Cancer cachexia is the most common cancer-related syndrome. Cachectic patients show poor performance, lower treatment responses, and dismal prognosis [13, 22] . Indeed, cancer cachexia is present in different types of cancer and different stages and it is estimated that cachexia is responsible for around 20% of all cancer deaths [16, 23–27].
In this study, after a long-term clinical follow up, we detected a high prevalence of cachexia according to two standardized diagnostic criteria in disease-free patients post cisplatin-based chemoradiotherapy with curative intent. In addition, we demonstrated that cachectic patients presented lower muscle mass and strength. Cachexia present a trend to be associated with dysphagia when diagnosed according to Evans diagnostic criteria (p<0.06) and 73% of cachectic patients manifested dysphagia according to Fearon criteria.
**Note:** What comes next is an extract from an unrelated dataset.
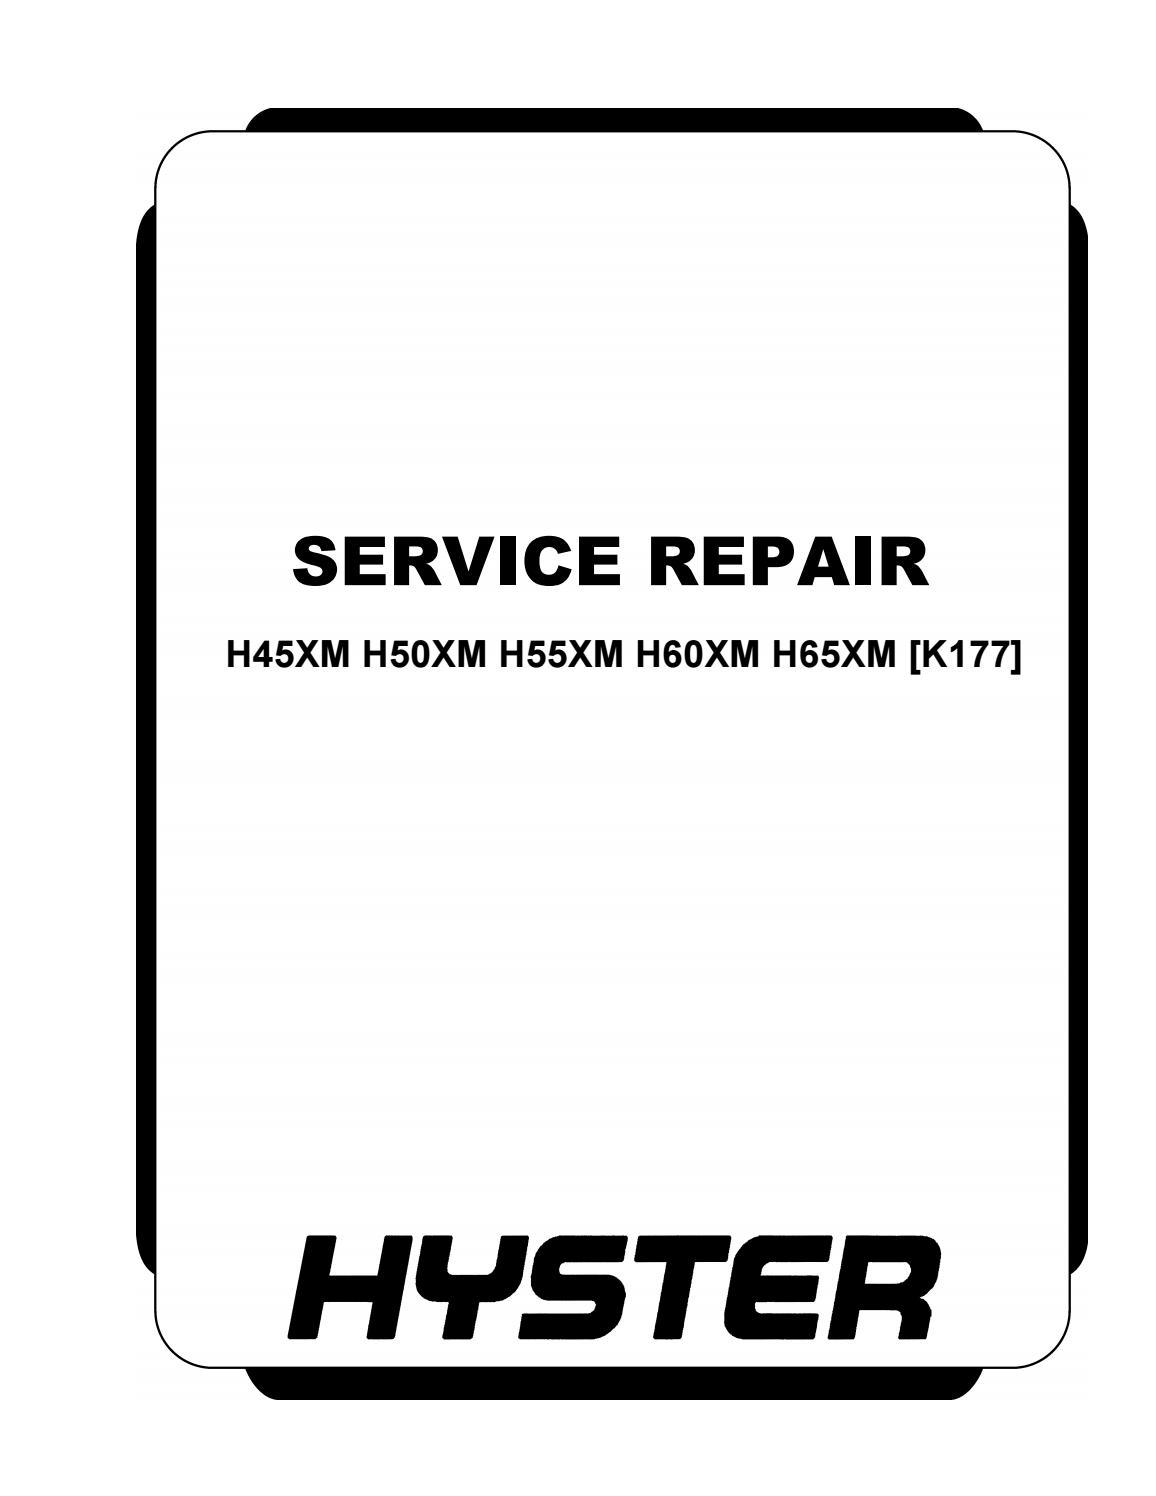 Hyster (K177) H65XM Forklift Service Repair Manual by 163114103 - issuu | Hyster Forklift Wiring Schematics 1990 |  | Issuu

In newly diagnosed HNSCC patients, cachexia frequency is at least 42% when diagnosed using Fearon criteria[27] and 6.1% when diagnosed using Evans criteria[19]. In our population, the percentage of cachexia was 20.7% and 8.6% according to Fearon and Evans, respectively, in disease-free HNSCC patients, after multimodal treatment. This distinction is important because there is a concept that cancer cachexia syndrome is associated with metabolic disturbances related to the tumor presence [15, 20]. Kwon and coworkers [19] showed that cachexia in HNSCC patients increases by 41% immediately after the end of the treatment as compared with pre-treatment values (6.1%). Nevertheless, according to the authors, the cachexia frequency decreases to 18% after 6 to 12 months post-treatment, approximately two times the frequency here observed two years after treatment completion.
In this context, we found a high percentage of dysphagia in our cohort. Dysphagia is correlated to body and muscle mass loss in cancer and non-cancer patients[28, 29], and this fact could explain at least part of our results. This data supports the idea that the cachexia in disease-free patients could be a side effect of cancer treatment and, as such, classified as a late toxicity. Indeed, around 50% of all head and neck cancer patients present dysphagia after treatment[30].
Cachexia in disease-free patients could be also attributed to a cisplatin side effect. This hypothesis is supported by recent data showing that cisplatin causes a muscle mass reduction. Damrauer et. al. showed in an animal model and cell cultures that cisplatin could regulate the proteolysis pathway leading to muscle wasting [31]. However, there are no clinical data to support this hypothesis.
Recently, Grossberg et al. showed that there is no correlation between body mass loss and survival in radiotherapy-treated HNSCC patients[32]. However, the authors described that pre- and post-radiotherapy muscle mass depletion was associated to shorter overall survival. Our data suggest that cachexia in disease-free patients has a muscle component, but we did not perform any survival or cancer recurrence analysis, so further studies are needed to better elucidate this question.
Our study demonstrated that severe weight loss was important in the diagnosis of cachexia, but muscle mass and strength alterations, hemoglobin and CRP are also important issues to evaluate metabolic dysfunction, which could be a trigger to weight loss. It is worth mentioning that cachectic patients in our cohort did not show a difference in metabolic markers when compared with non-cachectic patients. In fact, muscle mass and metabolic markers are mortality predictors in different types of cancer[33–35].
This study had some limitations. First, it was not possible to perform a more accurate analysis of muscle area using CT-scans images. Second, other late toxicities (e.g., xerostomia, hypothyroidism, esophageal toxicity, and others) could contribute to cachexia development in our patients, and these alterations could also have some impact on muscle mass, strength, biomarkers, and quality of life. Third, we did not evaluate the impact of the cachexia on disease recurrence and survival, and this long-term study is underway.
In conclusion, HNSCC patients treated with chemoradiotherapy after a minimum of 2-years of treatment completion presented cachexia, and cachectic patients presented impairment in muscle mass. Cachexia could be also associated with dysphagia and related to a worse muscle function. Cachexia and metabolic dysfunction should thus be better studied to elucidate its pathophysiology and prognostic impact on cancer HNSCC survivors in order to improve their outcomes.